PROVIDED DATA:
++++++++
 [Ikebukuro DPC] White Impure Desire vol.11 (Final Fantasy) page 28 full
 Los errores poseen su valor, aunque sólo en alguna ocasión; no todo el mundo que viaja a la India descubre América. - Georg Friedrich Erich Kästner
++++++++
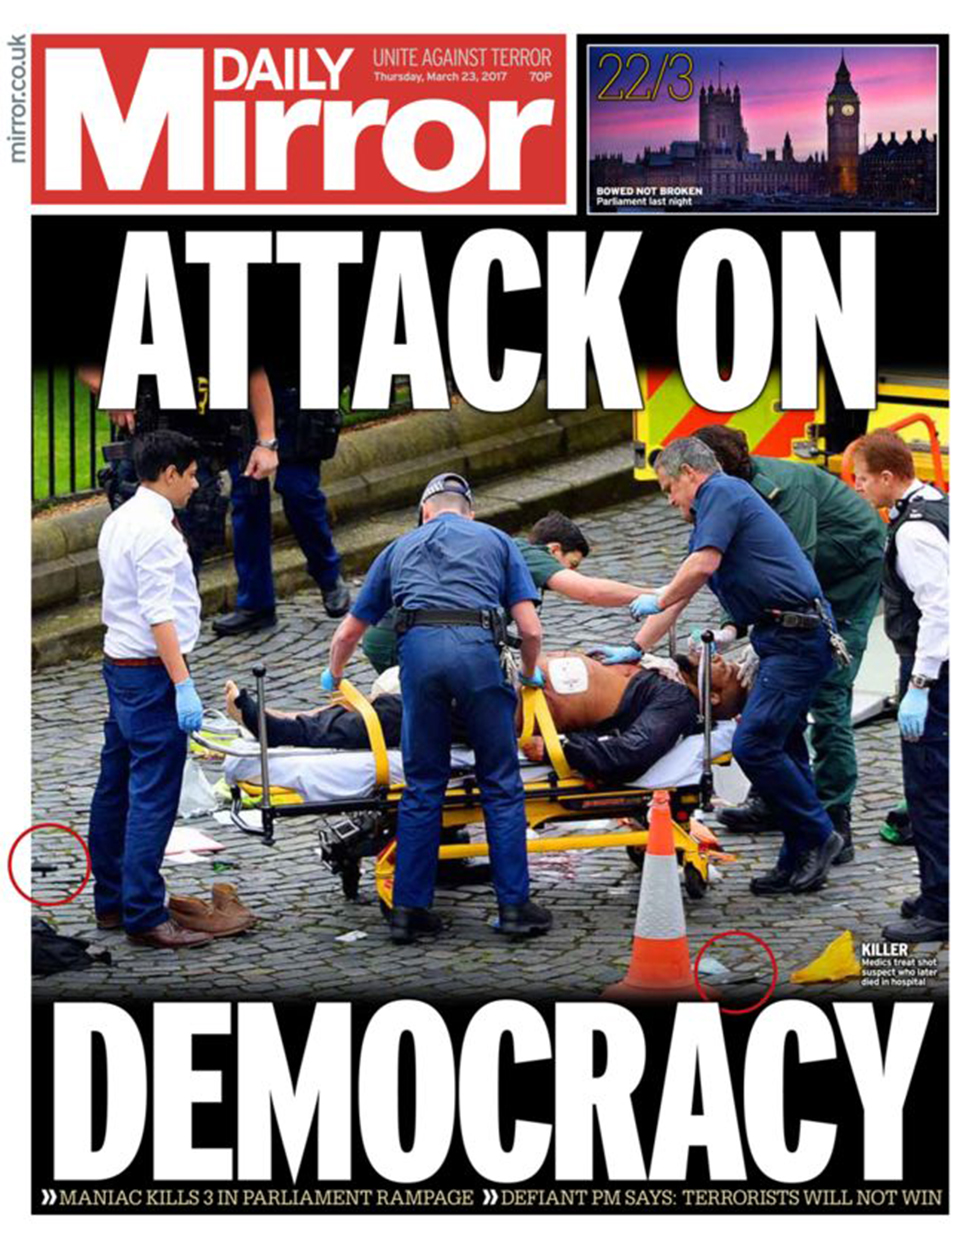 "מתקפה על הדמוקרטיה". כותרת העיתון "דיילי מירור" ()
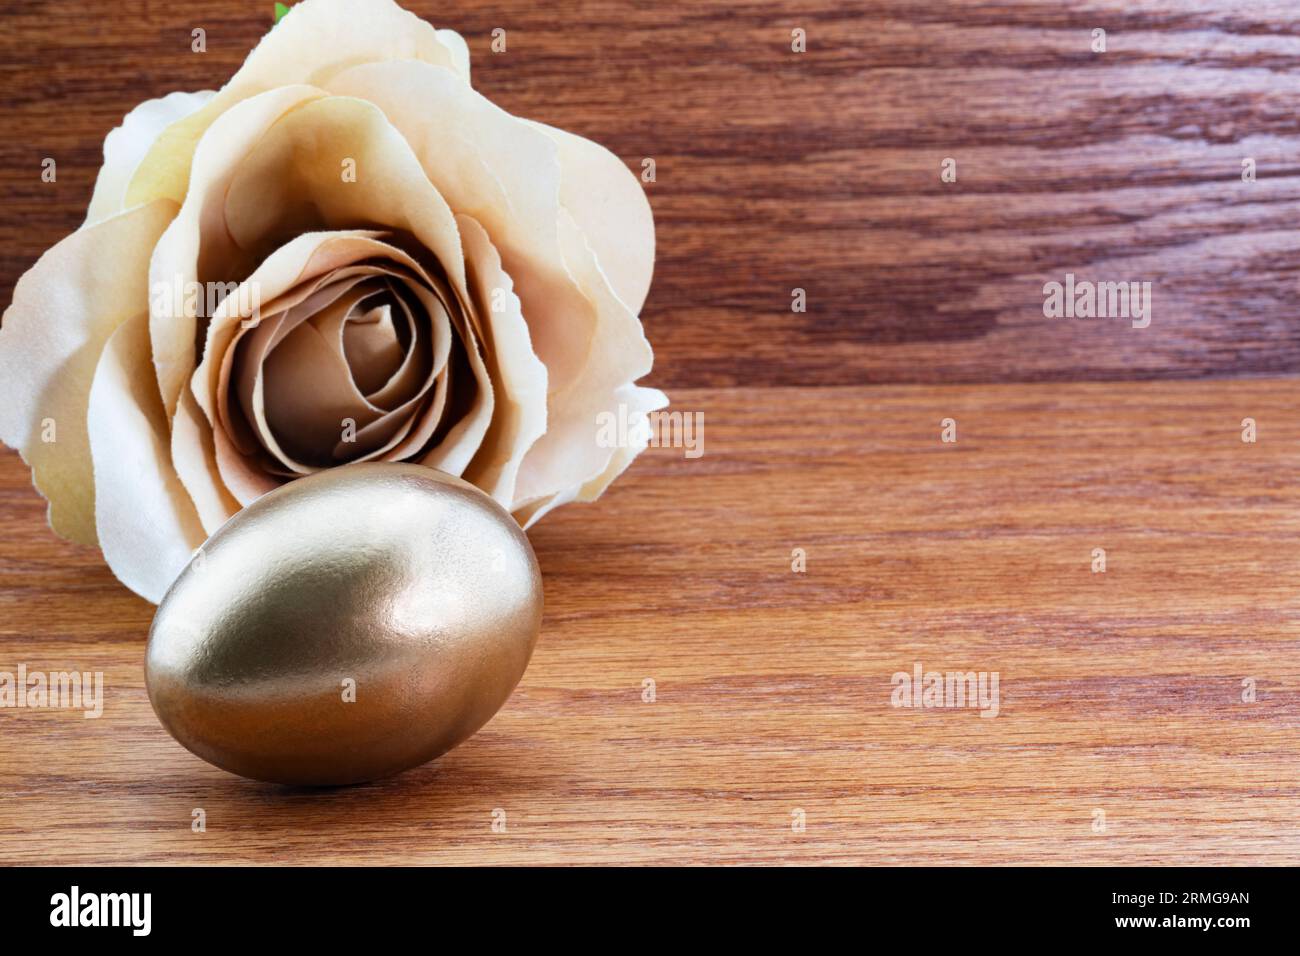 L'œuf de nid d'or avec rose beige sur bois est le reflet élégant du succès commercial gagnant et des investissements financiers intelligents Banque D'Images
++++++++
TASK BRIEF: Could you write out, exactly as they stand, only the lines above that begin at the line with "[Ikebukuro DPC] White" and stop after the line with "Los errores poseen"?

RESULT BELOW:
 [Ikebukuro DPC] White Impure Desire vol.11 (Final Fantasy) page 28 full
 Los errores poseen su valor, aunque sólo en alguna ocasión; no todo el mundo que viaja a la India descubre América. - Georg Friedrich Erich Kästner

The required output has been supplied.